Any group of $p$ spins have a random interaction strength given by $J_{i_1,…,i_p}$, which is distributed according to the Normal distribution given by
\[p(J_{i_1,...,i_p}) = {N^{p-1}\over{\pi p!}} e^{[ -{(J_{i_1,...,i_p})^2 {N^{p-1}\over{ J^2 p!}}}]},\ \ \ p\ge 3 \]This system can be analyzed using the replica method just as for the SK model. For $T>T_c$ there is no net magnetization and this corresponds to the replica symmetric case. For $T<T_c$ there is first order RSB, which results in the overlap distribution
\[{\overline P(q)} = (1 - m)\delta(q-q_1) + m\delta(q-q_0)\ \ \ with \ \ \ 0\le q_0 \le q_1 \le 1\ \ \ and\ \ \ 0\le m\le 1 \]where $q_1$ and $q_0$ are the self overlap and cross overlap parameters for pure states of the system. The parameters $m, q_0, q_1$ can be determined by solving the saddle point equations for the free energy of the system, and this results in $q_0 = 0$, i.e., the cross overlap between different pure states is zero. The values of $m$ and $q_1$ are determined by solving additional equations (which I am going to leave out, the interested reader can refer to Section 3.5 of Castellani and Cavagna). It has been shown that this 1RSB solution is exact for the PSM model, i.e., there is no further symmetry breaking as the temperature is further reduced below $T_c$.
There exists an analogue to the TAP equation in the PSM model, which can be used to count the number of pure states when $T<T_c$. When this analysis is carried out, it results in the surprising discovery: The solutions to the TAP equation are given by $m_i = \sqrt{q}\sigma_i$, where the $\sigma_i$ are the minima of the energy function and $q$ is the self overlap. These are obtained by solving the equations
\[{\partial H(\sigma)\over{\partial\sigma_i}} = 0,\ \ \ \sum_i\sigma_i^2 = N\] \[{1\over N} {p\over{2}} q^{ {p\over{2}}-1 } H(\sigma) + {\partial R\over{\partial q}} = 0\]where
\[R = 1-{1\over{2\beta}}\log(1-q) - {\beta\over 4}[(p-1)q^p - pq^{p-1}]\]Note that the solutions $\sigma_i$ to the first equation do not depend on the temperature, however the value of the self overlap $q$ does. Hence in a PSM there is a 1-1 mapping between the minima of the Hamiltonian and the minima of the free energy. At $T=0$ the two coincide, but as the temperature is increased, thermal fluctuations cause the minima to occur as pure states. The PSM model is an exception to the rule that the minima of the energy function and the free energy function are not all the same, in this case they are the same!
Simulated Annealing
Kirkpatrick, Gelatt and Vechi applied the Metropolis algorithm to the problem of combinatorial optimization, and called the resulting technique simulated annealing. Combinatorial optimization is the problem of minimizing a cost function $f(x_1,x_2,…,x_N)$, and this can be likened to the energy function in statistical mechanics. If we try to find the minimum using a brute force search over the configuration space, there is a good chance that the optimization will get stuck at a local minimum, and this is the same problem that occurs when we try to find the lowest energy configuration for a spin system at $T=0$.

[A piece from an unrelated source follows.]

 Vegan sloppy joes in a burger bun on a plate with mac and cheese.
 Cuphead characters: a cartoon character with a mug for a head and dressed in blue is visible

Kirkpatrick et.al. proposed adding a temperature variable to the optimization, which results in random thermal spin fluctuations, and then using the Metropolis algorithm to find the low energy configurations. This allows the optimization to jump out of local minima as long as $T>0$ with finite probability, since these are metastable configurations. They proposed that the optimization start at a high temperature, and then lower the temperature by slow stages, until the system “freezes” and no further changes occur. At each temperature the simulation should proceed long enough for the system to reach equilibrium.